_Task details_
Copy the listing that follows exactly. Its pictures do not belong in the copy.

*** Supplied material ***

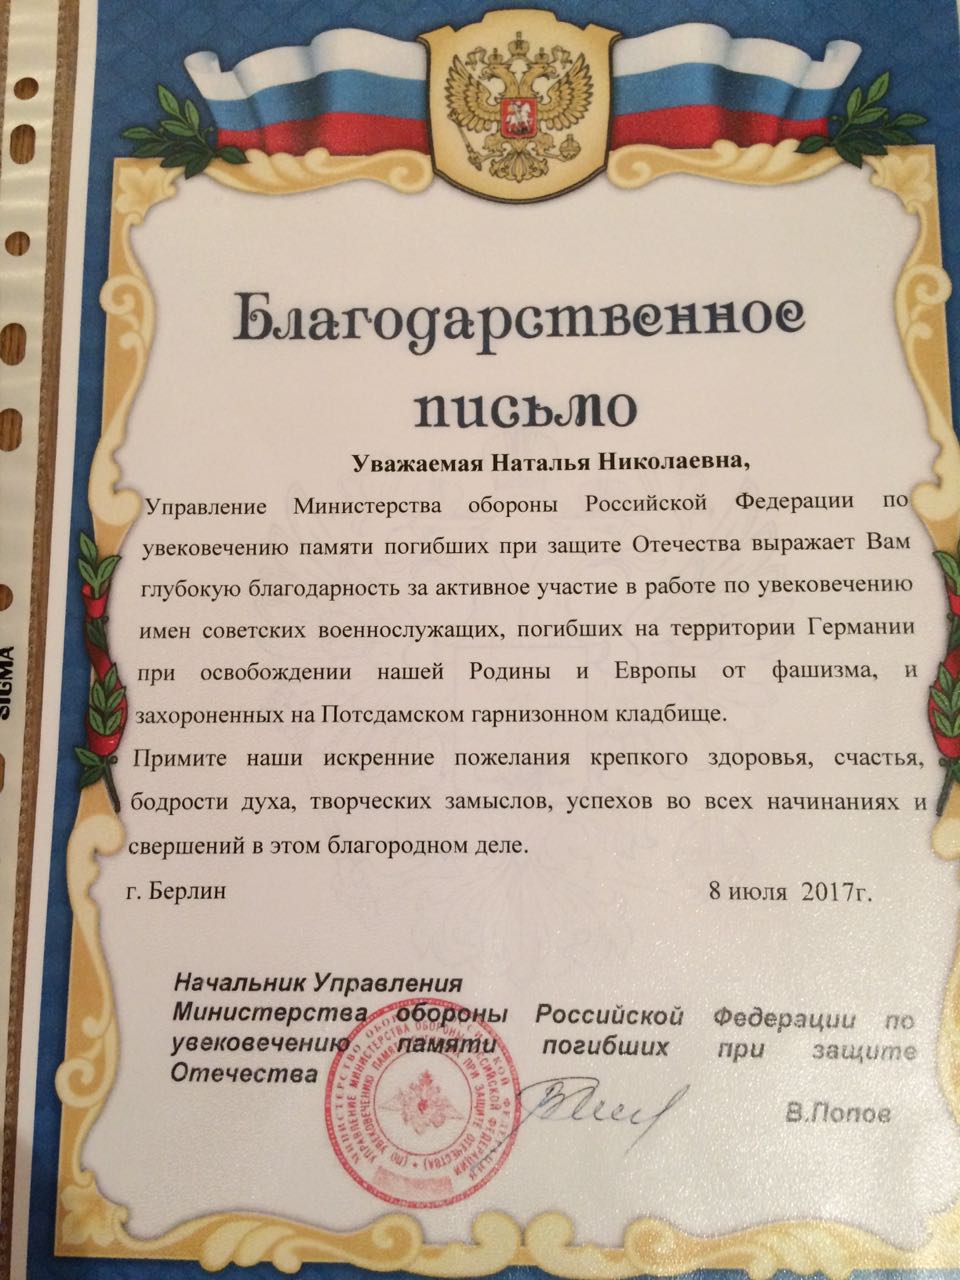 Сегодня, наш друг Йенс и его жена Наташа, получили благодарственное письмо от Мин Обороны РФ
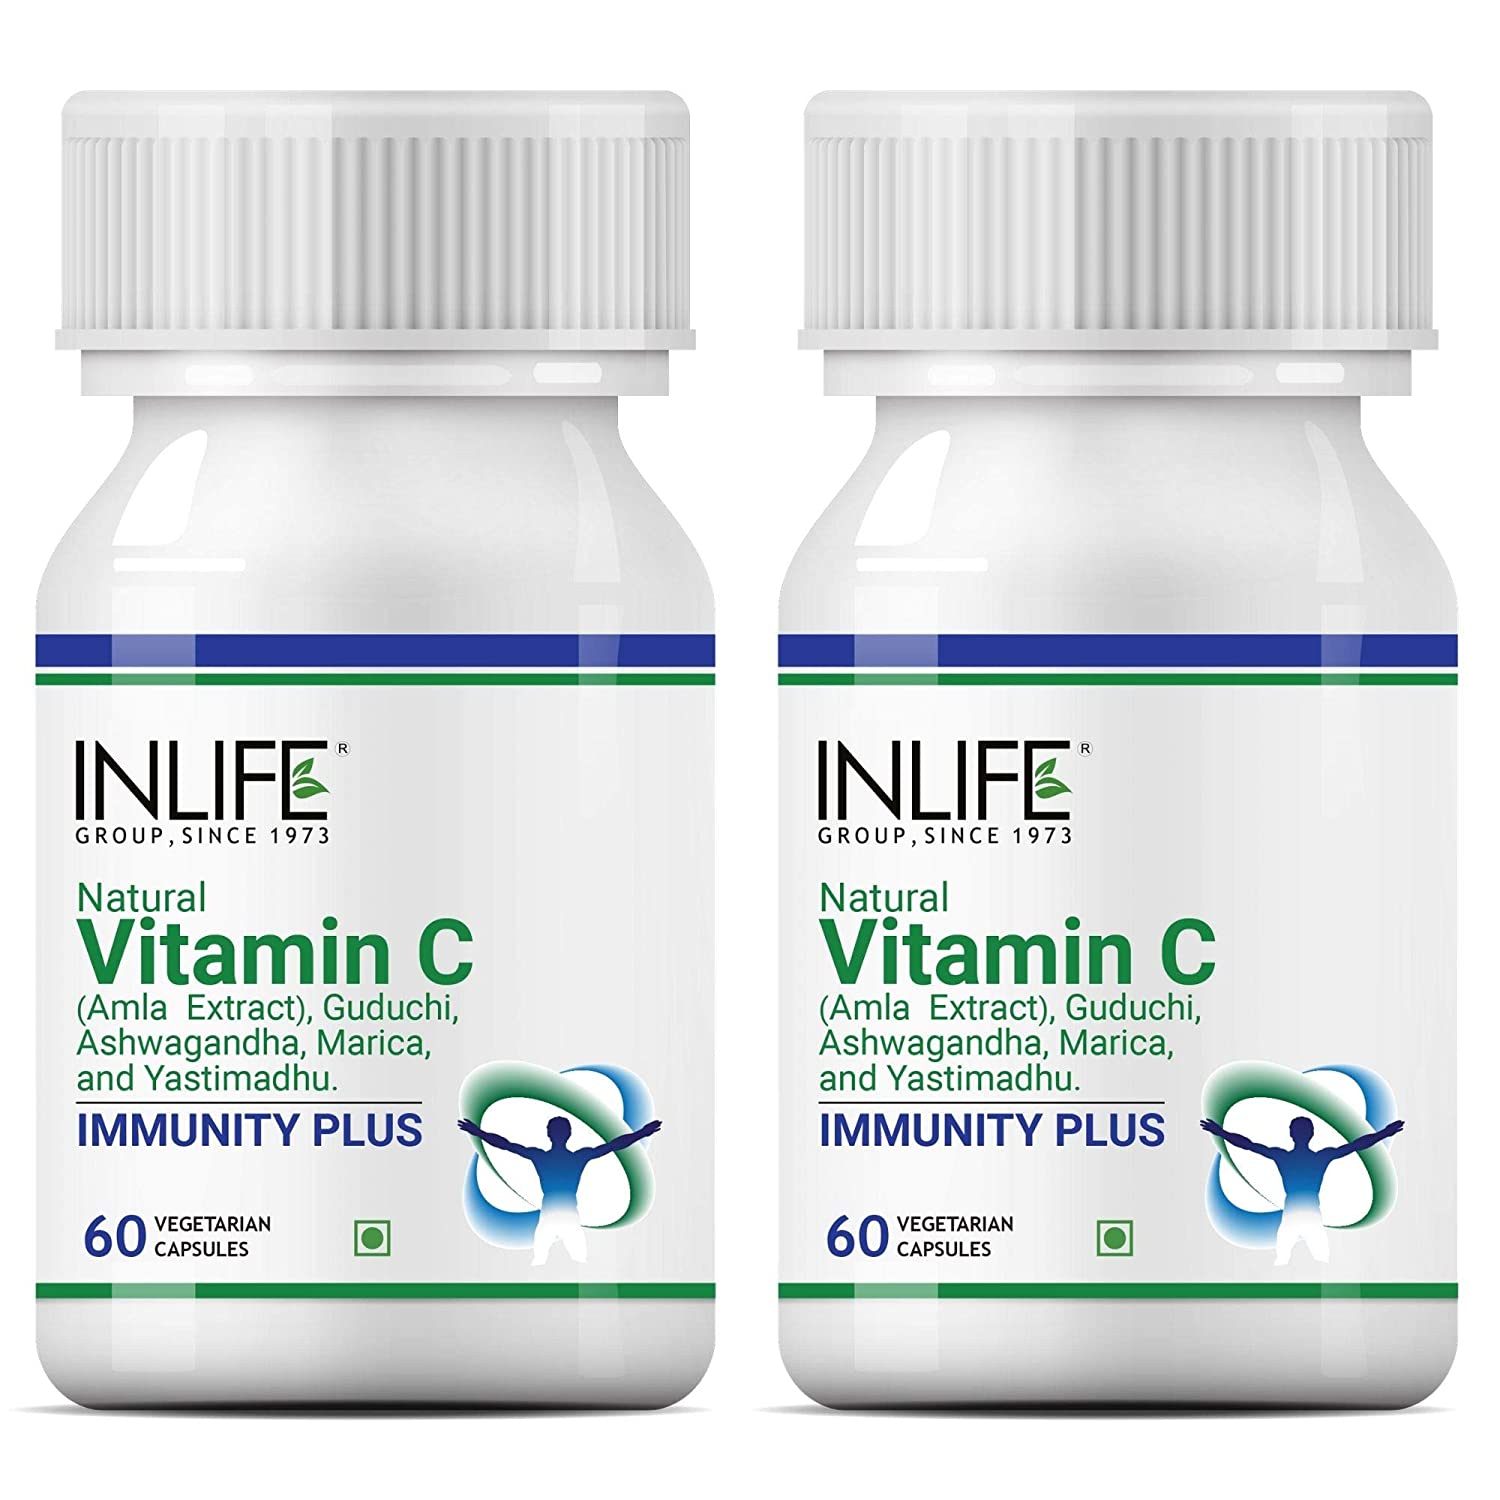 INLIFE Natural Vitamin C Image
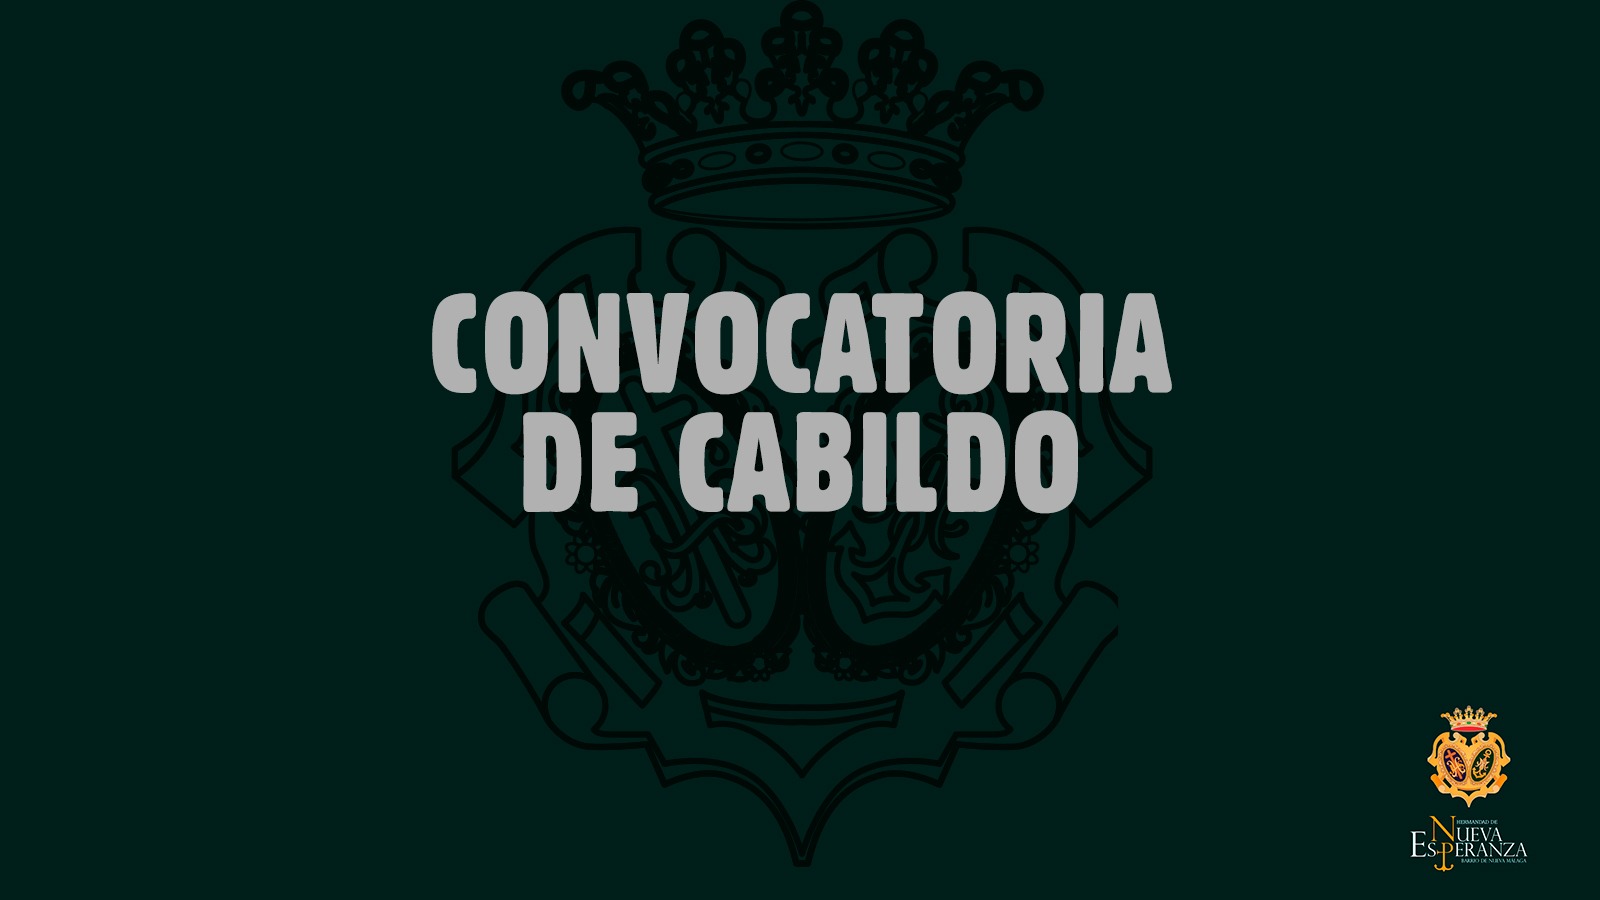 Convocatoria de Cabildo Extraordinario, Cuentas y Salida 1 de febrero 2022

*** End of Supplied material ***

_Task answer_
 Сегодня, наш друг Йенс и его жена Наташа, получили благодарственное письмо от Мин Обороны РФ
 INLIFE Natural Vitamin C Image
 Convocatoria de Cabildo Extraordinario, Cuentas y Salida 1 de febrero 2022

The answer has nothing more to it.